Sunday, March 8, 2009

Coal, no longer the first choice fuel for power plants?

In 2007, the Department of Energy estimated that about 151 coal fired power plants would be built in the coming years in the US[i]. The agency’s latest forecast puts the number at 95[ii] which is an almost 37% decrease from the previous estimate.

This follows a recent trend across the nation where coal fired power plants have faced vehement opposition from environmental groups and lost favor with various state regulation agencies. With the change of administration in Washington coal seems to have lost favor as the backbone of the country’s power supply. In the economic stimulus package President Obama allocated $16.8 billion for renewable energy and energy efficiency programs[iii].

Last year only 5 new coal plants came online set to produce 1400 MW while 8300 MW of wind was added in the same period. [iv]

Plans to build coal plants in various states have been replaced by other options. Recently two coal power plants were shelved in Iowa and Nevada. In Nevada, the utility decided to focus on geothermal, wind and solar potential in the state while in Iowa the proposed coal plant lost out to a wind farm. In Texas, TXU was forced to scrap 8 planned coal plants because of the opposition from various environmental groups[v]. Even in Montana and Wyoming which house the biggest deposits of coal in the world with reserves enough to last the US more than a century, lawsuits over climate change have delayed construction of new power plants[vi]. An unofficial tally suggests that more than 90 plants have been delayed or canceled since 2002.
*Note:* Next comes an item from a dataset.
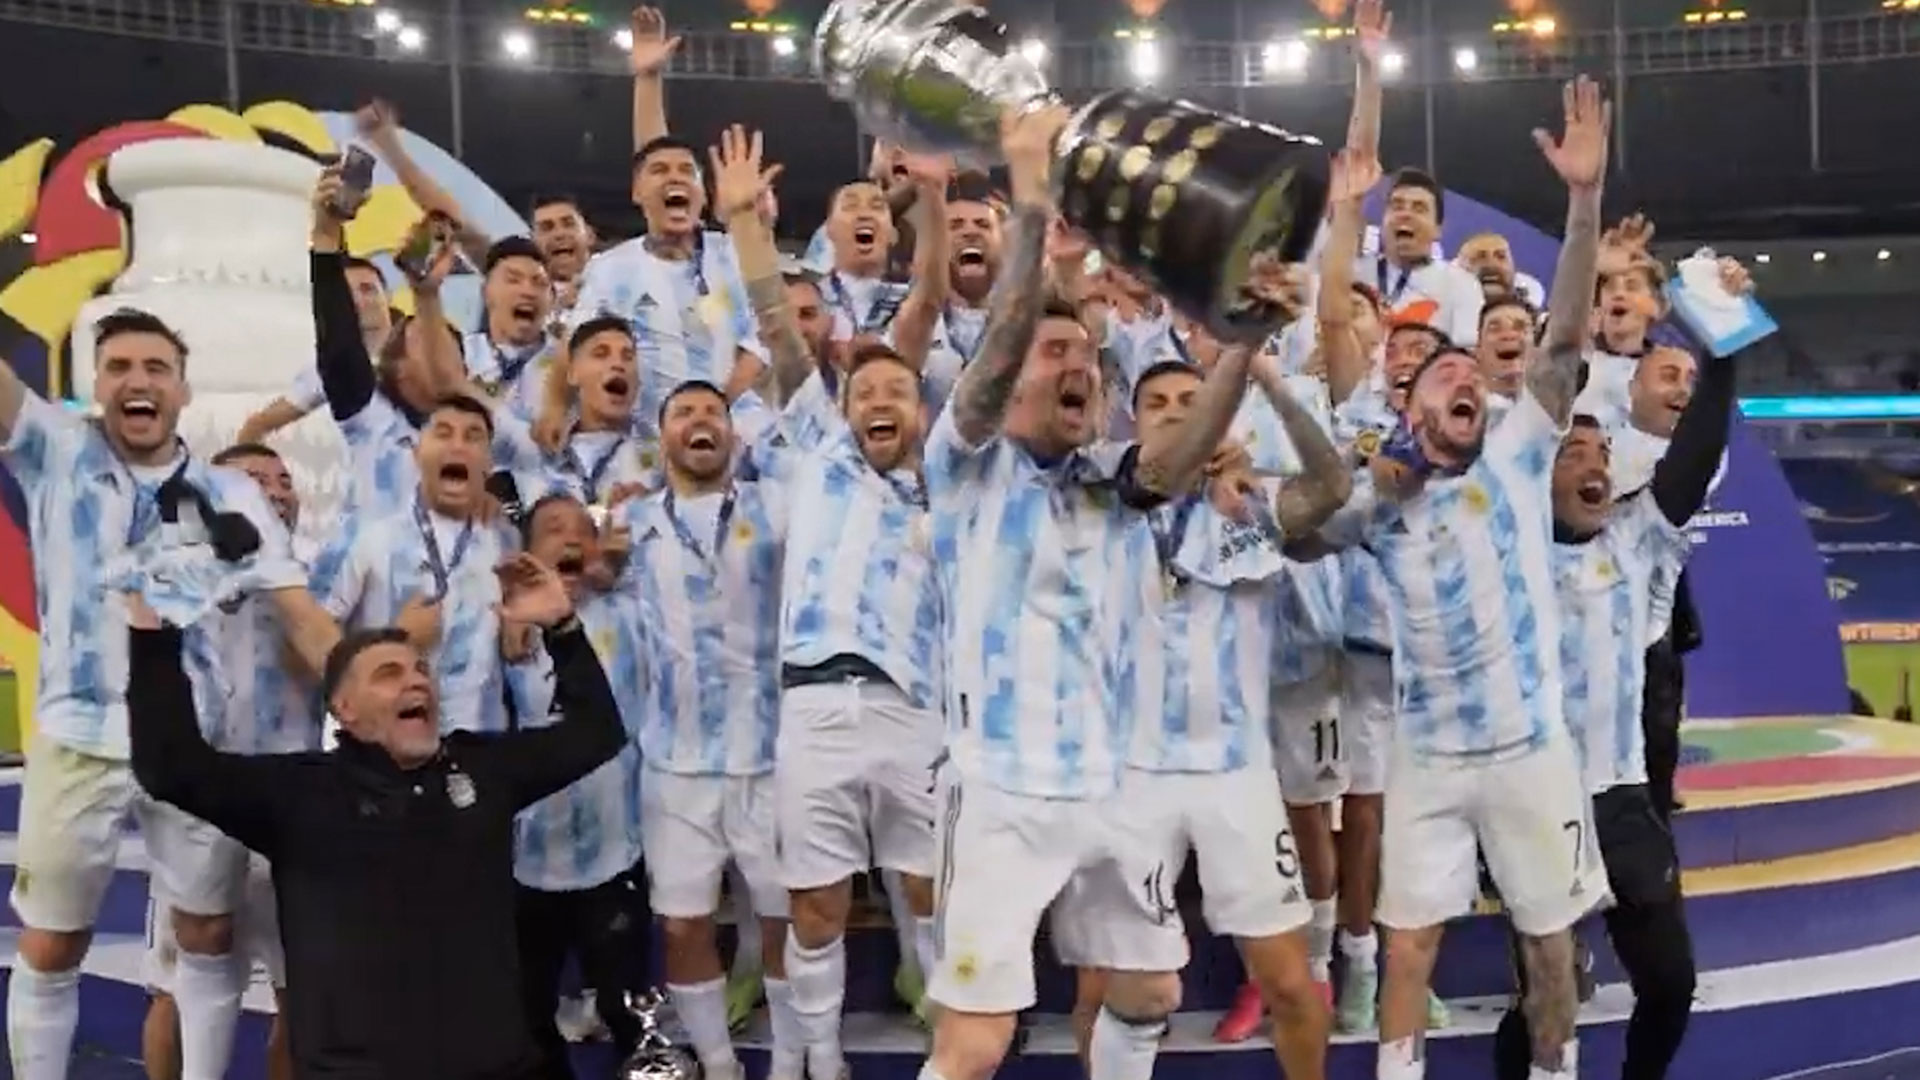 "Sean eternos: Campeones de América": Un recorrido por la obtención de la Copa América por parte de Argentina
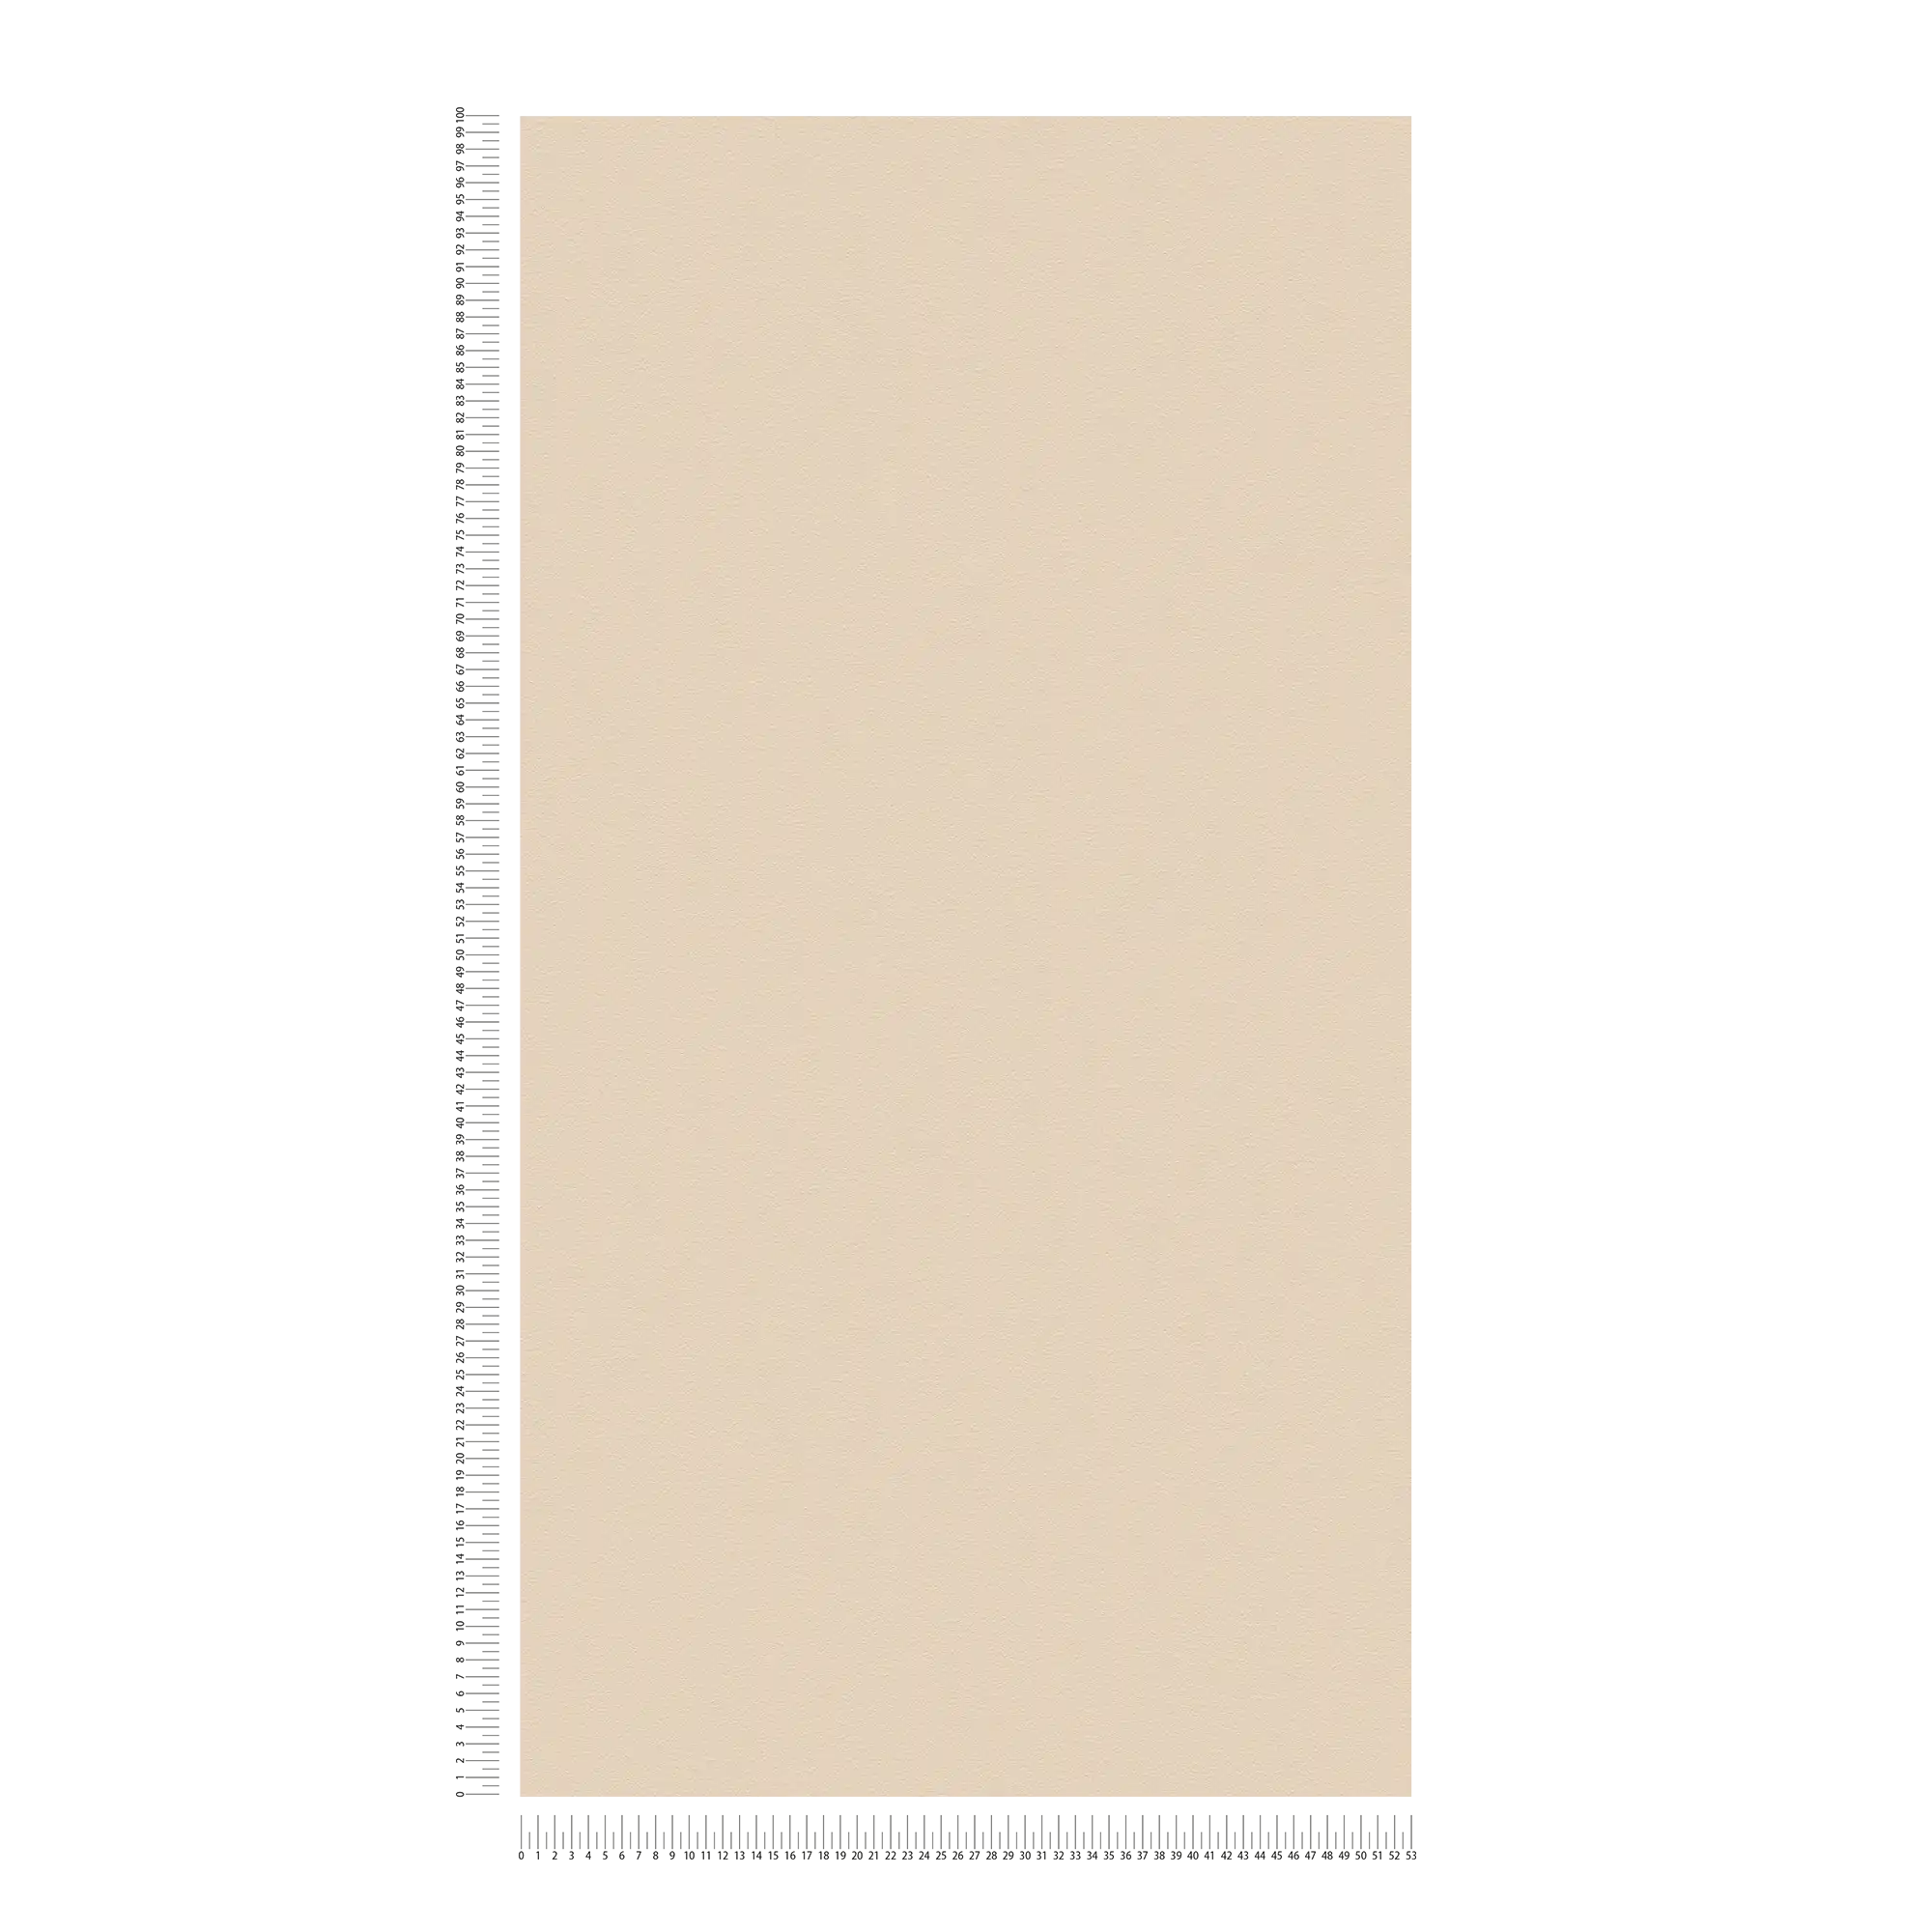             papier peint beige uni avec peau d'éléphant structure mousse

If this happens to become a long term trend, this could greatly reduce the pressure on Carbon Capture and Sequestration (CCS). The technology is a policymaker’s dream because it eliminates the need for them to limit the use of coal. At present, there is no large power plant in the world that uses CCS[vii].

Carbon dioxide has been used by oil firms to increase the pressure in the reservoirs for years. Exxon Mobil runs the world’s largest carbon capture facility at La Barge, Wyoming. The US has a network of 3600 miles of pipes to carry CO2 from such facilities to oil and gas fields.[viii] Even so the technology is expensive for power plants. The IEA forecasts a $35-60 per ton of emissions reduced through CCS[ix]. This cost would be for plants employing state of the art technology so it is reasonable to assume that old plants would find it even more expensive.

So if the smaller the overall number of coal power plants is, the less expensive would be the cost emission reduction. That, in itself, is a positive sign.